Выбрать главу

   Рука моя ныла, и ныла очень ненормально. Такое бывало нечасто. Было ощущение, что она предчувствует, что сейчас случится. Где-то я даже слышал подобное, по-моему, от своего соседа, ветерана афганской войны, - он утверждал, что за ночь до того, как тебя ранят или убьют, ноет то место, куда ударит пуля.

   Вскоре я нашел нужную палату. Дверь была прикрыта на тряпочку, и оттуда слышалось приглушенное бормотание. Не мешкая, я толкнул дверь ногой, вошел и сейчас же ослеп от яркого света, ударившего по глазам из раскрытого окна. Палата была намного светлее нашей, так как находилась на солнечной стороне. Поморгав и привыкнув к свету, я прикрыл дверь и обнаружил, что подле меня уже стоят двое, высоких и хмурых, и закрывают третьего, сидящего на кровати у окна. Тот третий был, несомненно, Марцеллом - я узнал его по оттопыренным ушам, светящимися на солнце.

   Телохранителей я тоже узнал. По крайней мере, одного из них я знал хорошо.

   Это был новичок из моей части, которого месяц назад хватил солнечный удар прямо на утреннем разводе и он стукнулся лицом об асфальт, поломав себе челюсть в нескольких местах. Помню, он был широкоплеч и нагл, как дикий некастрированный жеребец, и всех доставал. Однако месяц в госпитале с металлической скобой на морде, не позволяющей раскрыть рта, вынуждающей сидеть на постном бульоне, который приходилось сосать через трубочку, превратил его в угловатое длиннорукое чучело, совершенно неопасное, но обозленное до необычайности, - этакий Голиаф, получивший, наконец, по лбу, но не успокоившийся.

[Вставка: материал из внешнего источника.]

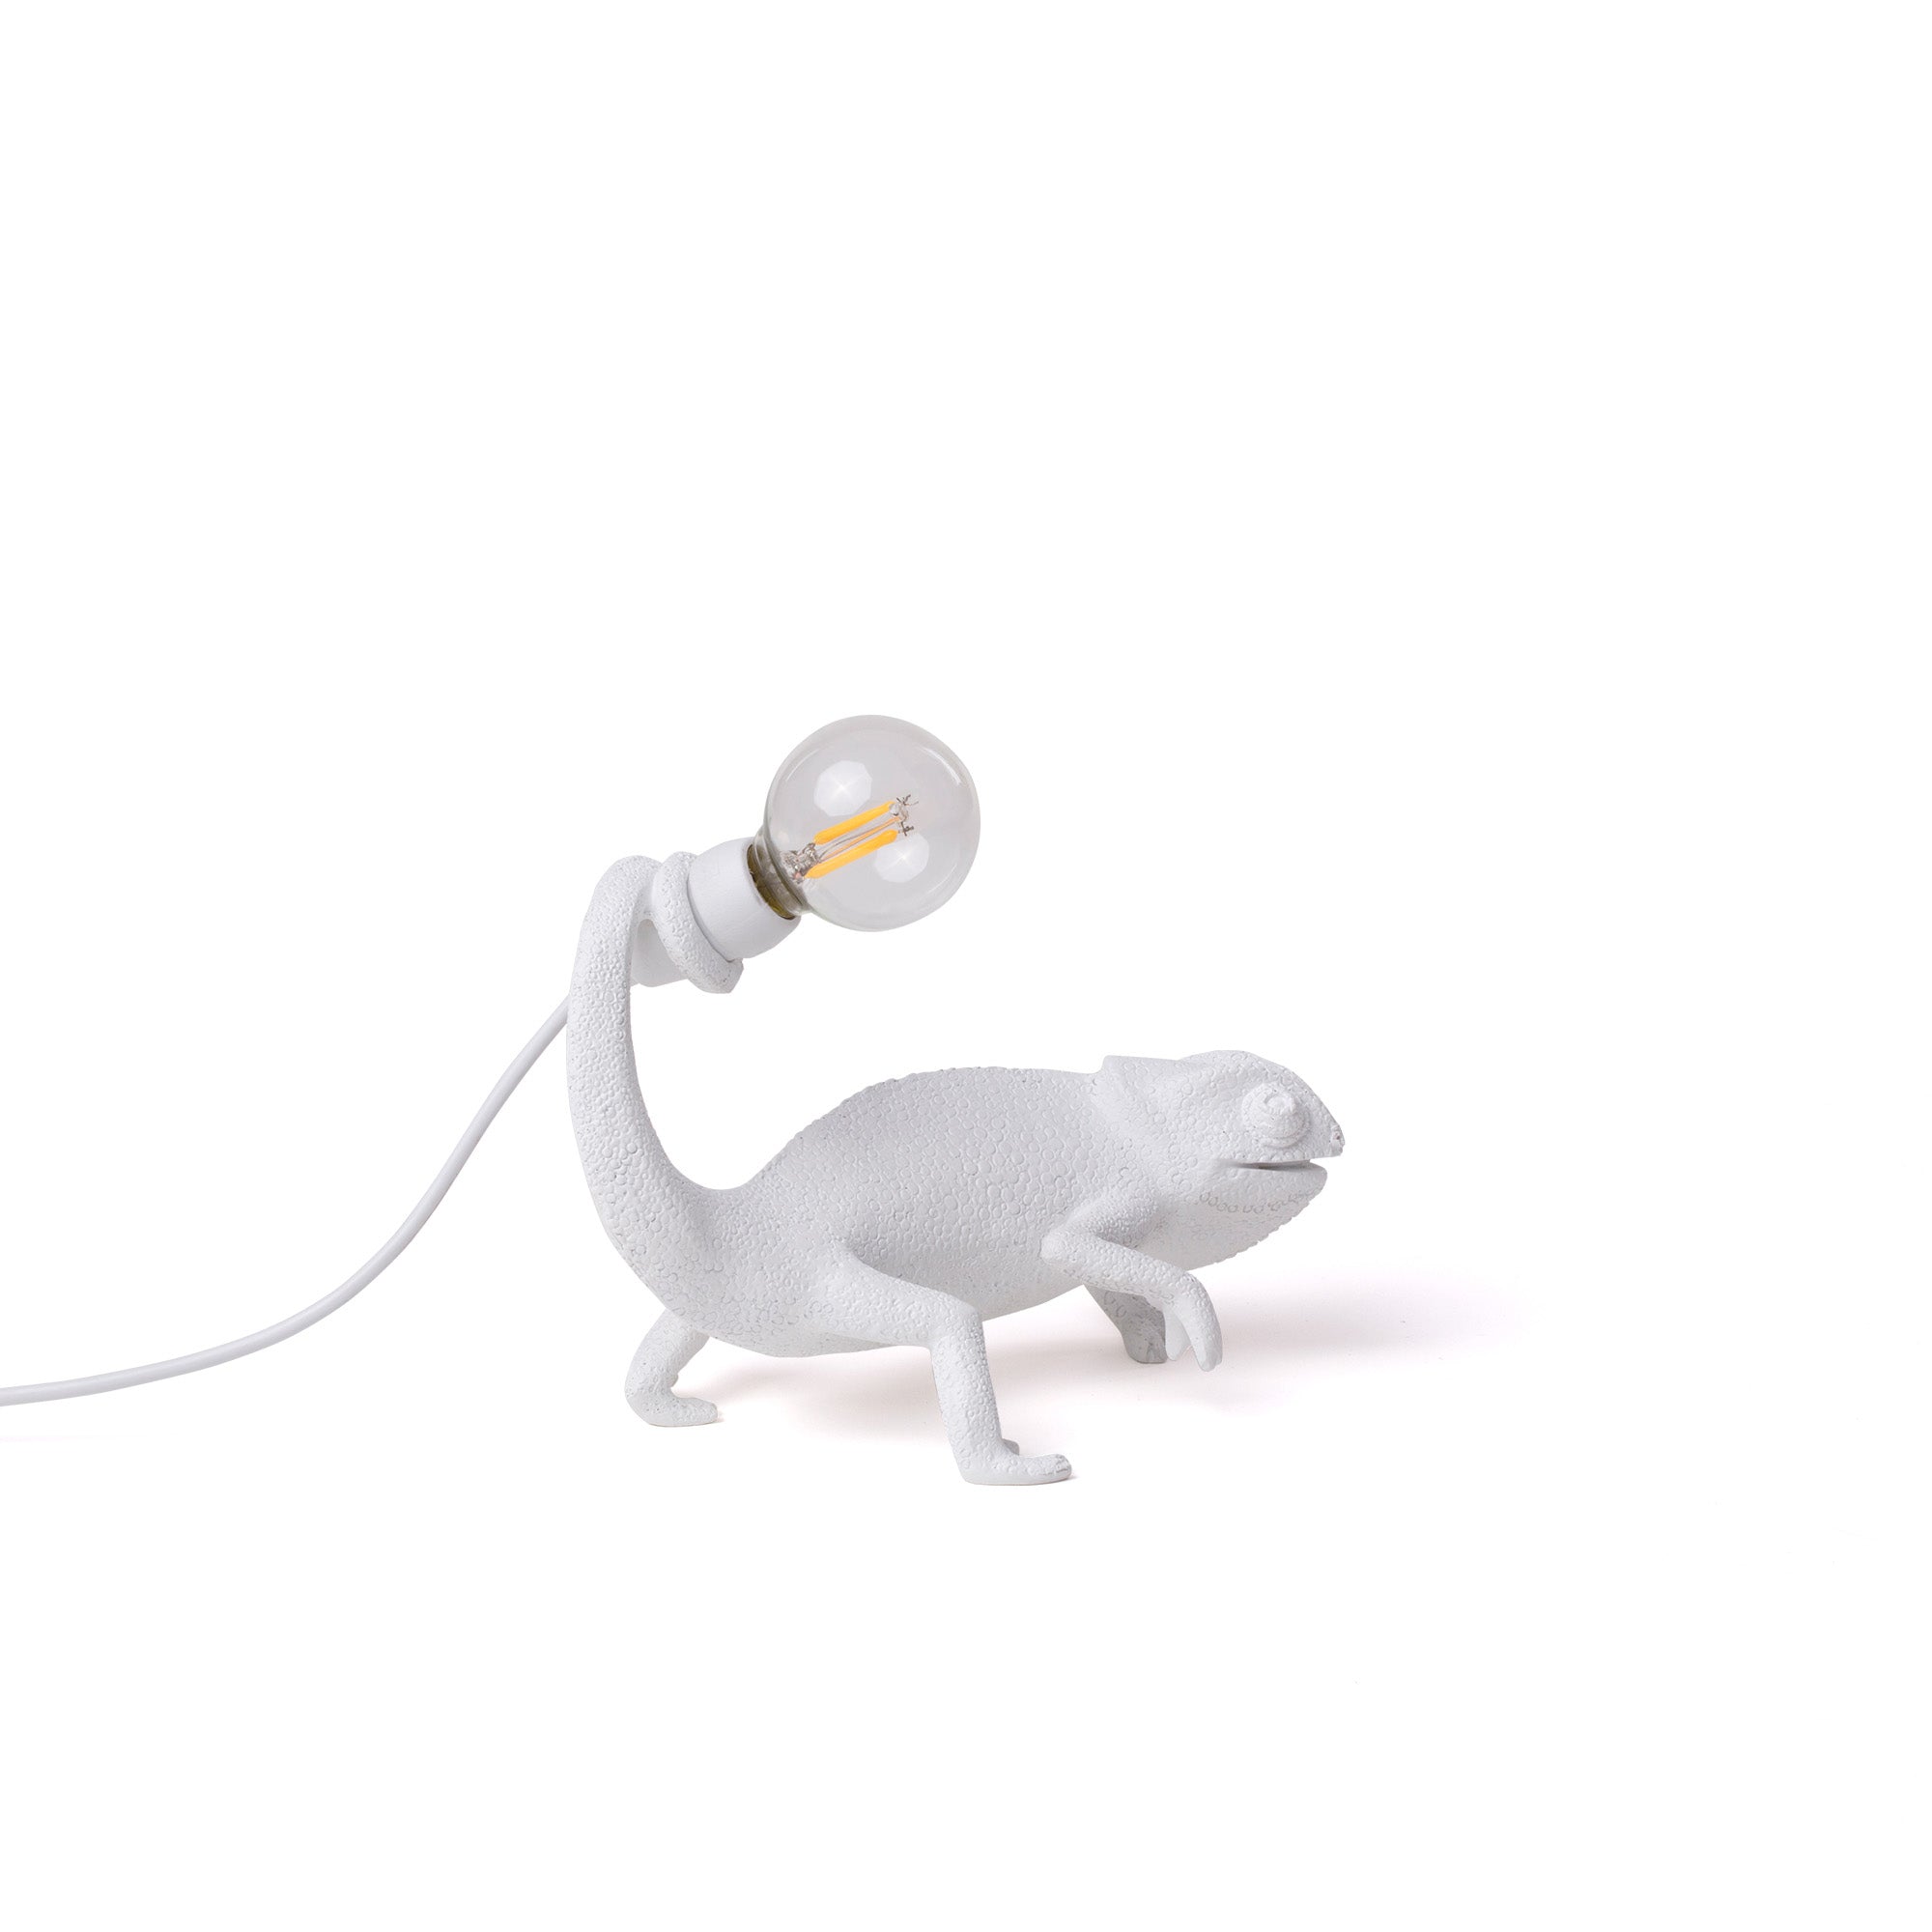 Seletti Chameleon Lamp in resin

   Второй был мне менее знаком, но и он успел зарекомендовать себя в столовой, когда на добровольных началах отбирал у соседей компот. И по-моему, он был боксером.

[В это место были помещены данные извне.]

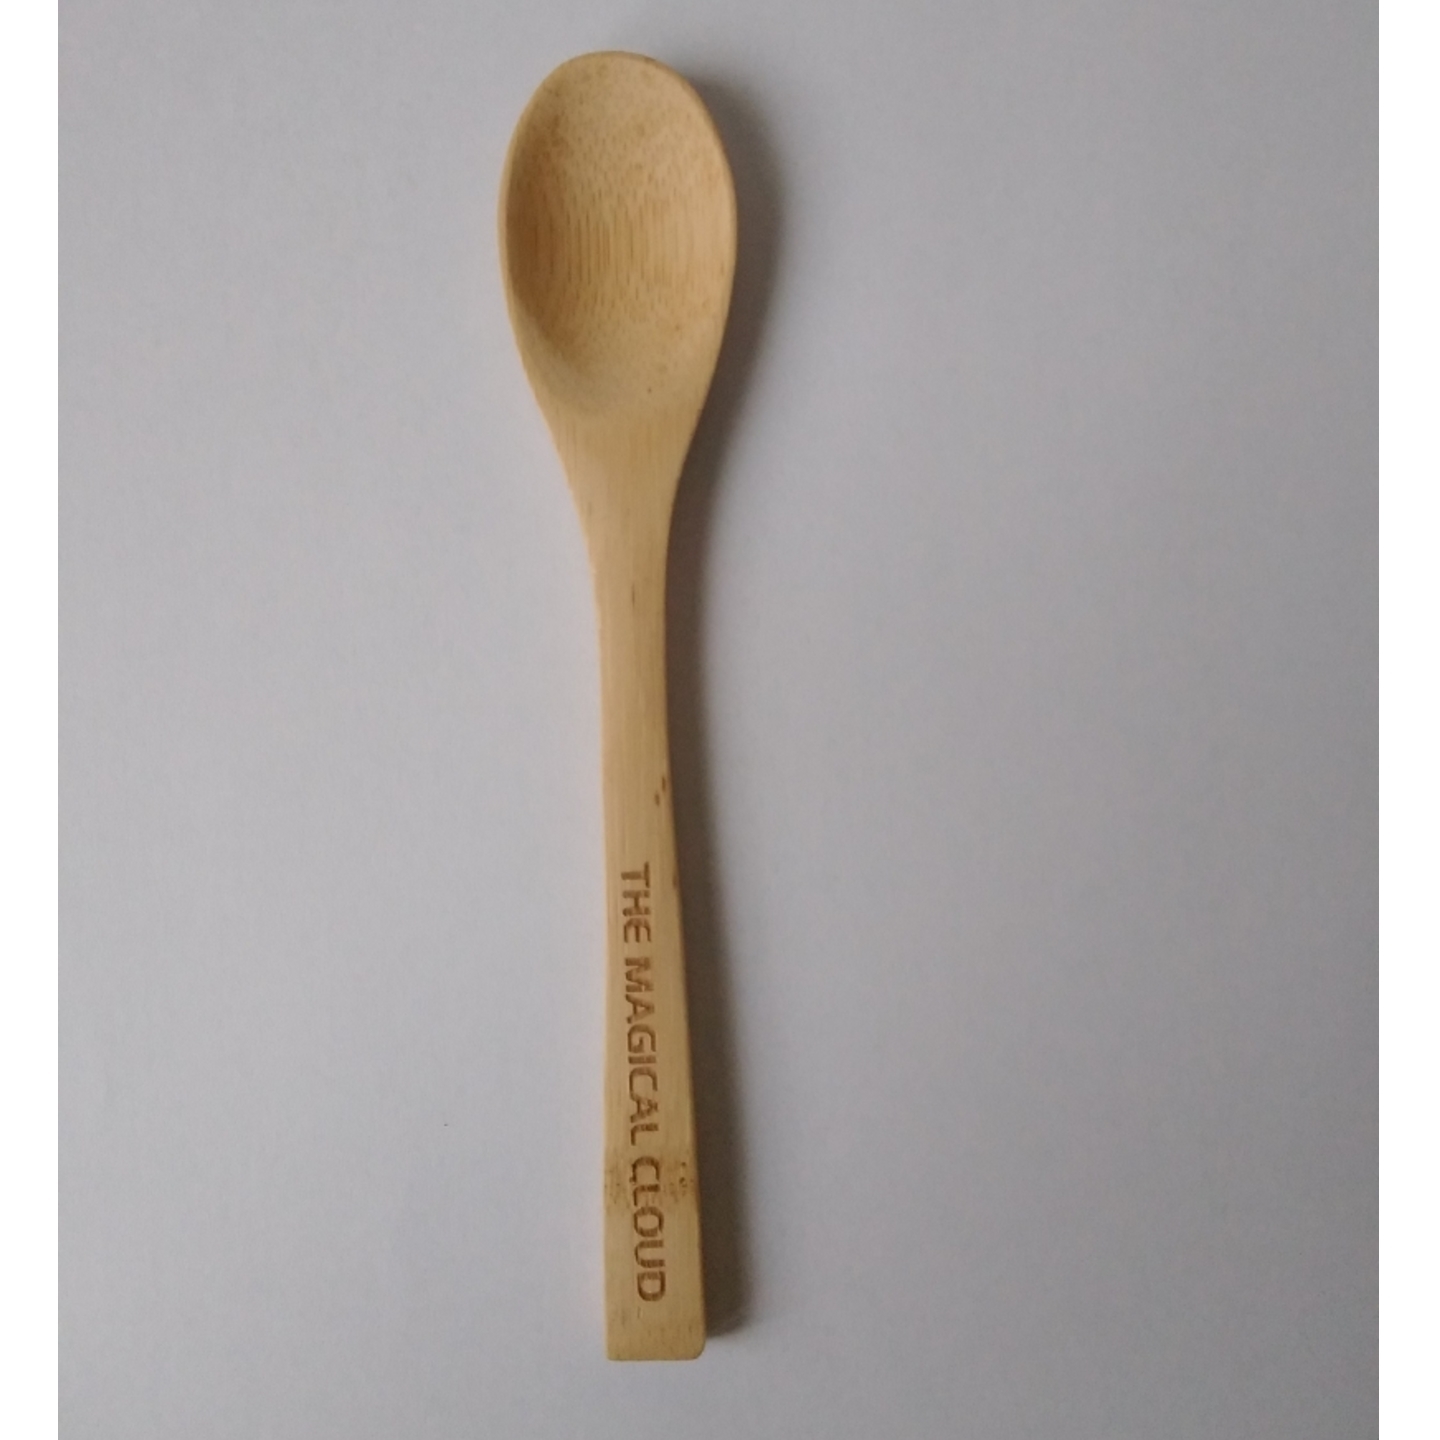 Bamboo spoon

   Итак, я находился в чужом отделении, в чужой палате, подле двух отморозков, не гнушающихся бить слабых и абсолютно невосприимчивых к мукам совести. На миг это меня отрезвило, я подумал было уладить все по-христиански, но тут Голиаф, не разжимая челюстей, сцепленных скобами, нахально осведомился:

   - Чего тебе?

   Это меня взбесило.

   - А ты типа не догадываешься? - бросил я и очень удачно провел левый крюк.

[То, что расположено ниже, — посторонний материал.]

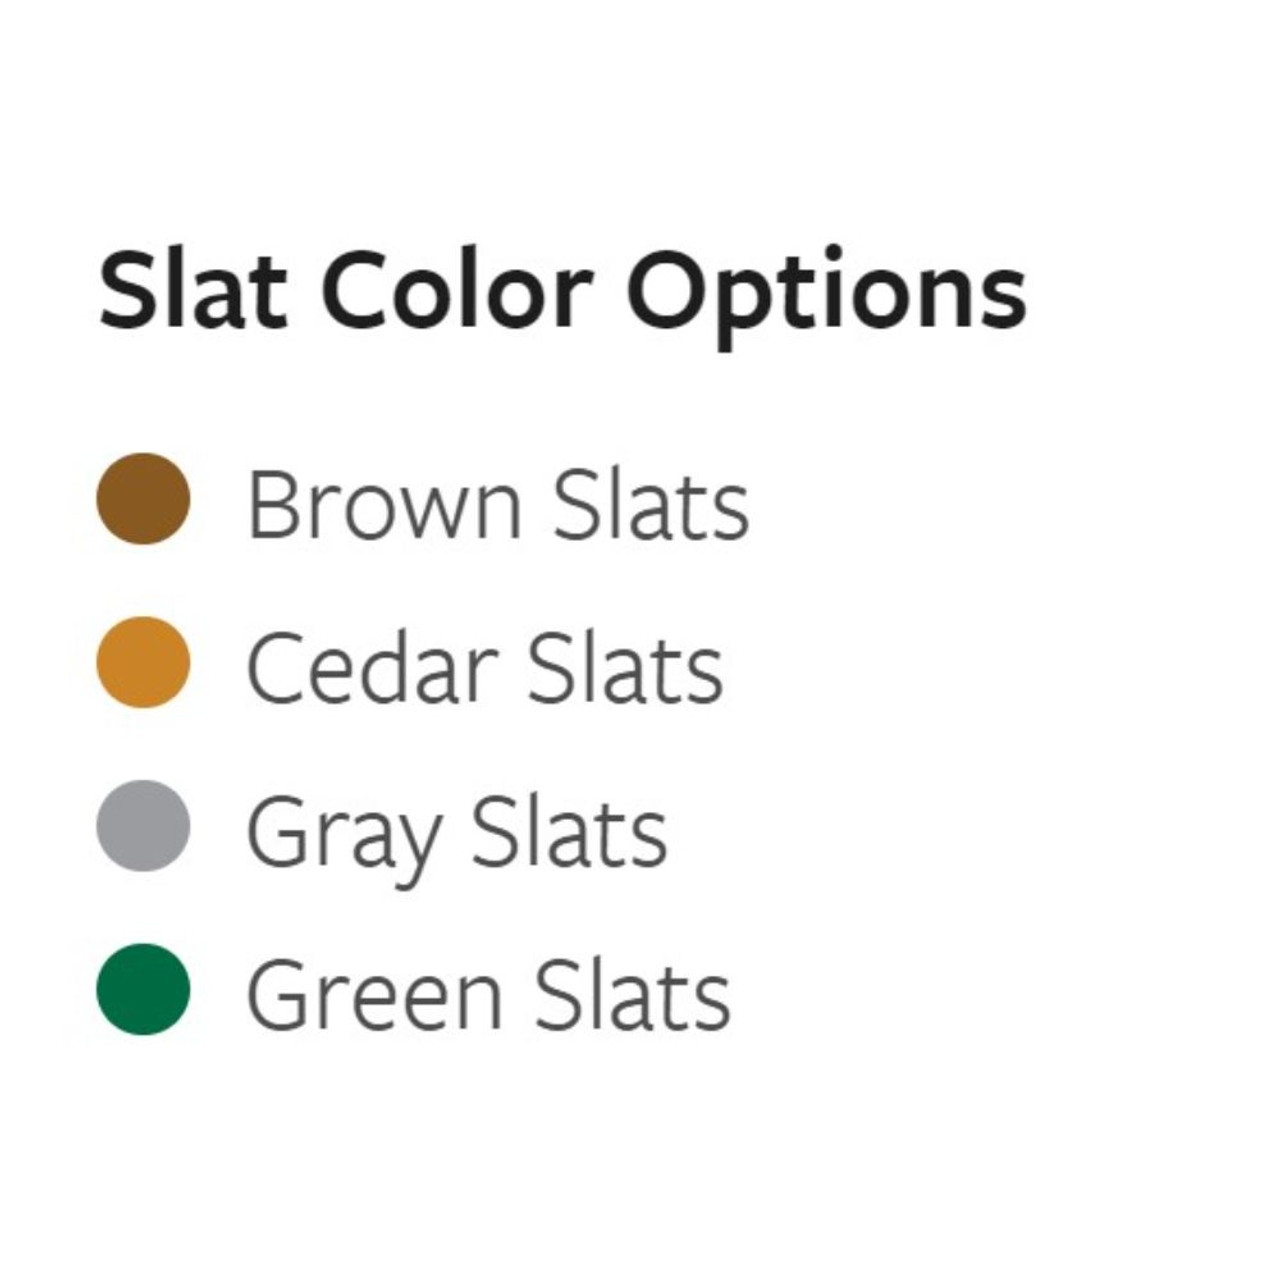 Slat color options

   Голиаф рухнул как подкошенный и исчез между кроватями. Тут же его друг ударил мне в скулу, потом зарядил по корпусу, но удар прошелся вскользь. Я отступил на шаг и пнул его ногой. Теперь я точно знал, что имею дело с боксером. Очень тяжело было управляться одной рукой, тем более левой, и боксер это прекрасно понимал, тесня меня в промежуток между стеной и кроватью, чтобы и левой негде было развернуться. Вскоре стало совсем худо, от отчаянья я полез бороться, и ох как стало хорошо, когда обнаружилось, что я крепче боксера! Я обхватил его за талию, рванул вбок раз, другой, он отчаянно засопротивлялся, пытаясь схватить меня за шею, но это было невозможно. Мне бы место, куда его кинуть, и уверенность, что он не упадет мне на руку, и все было бы кончено. Однако места не было. Уже некоторое время Марцелл прыгал около нас, кричал что-то, пытался нас расцепить, но любое наше движение отталкивало его и бросало то на пол, то на кровать.

   И когда мы оба уже порядочно запыхались, а горячка боя, как перегоревшая лампочка, пыхнула и стала стремительно остывать, в палату вбежала бледная молодая сестра.

   - Это что еще?! - раздался ее визг.

   Я сейчас же отпустил боксера и сделал шаг в сторону. Сестра смотрела на меня большими, испуганными глазами.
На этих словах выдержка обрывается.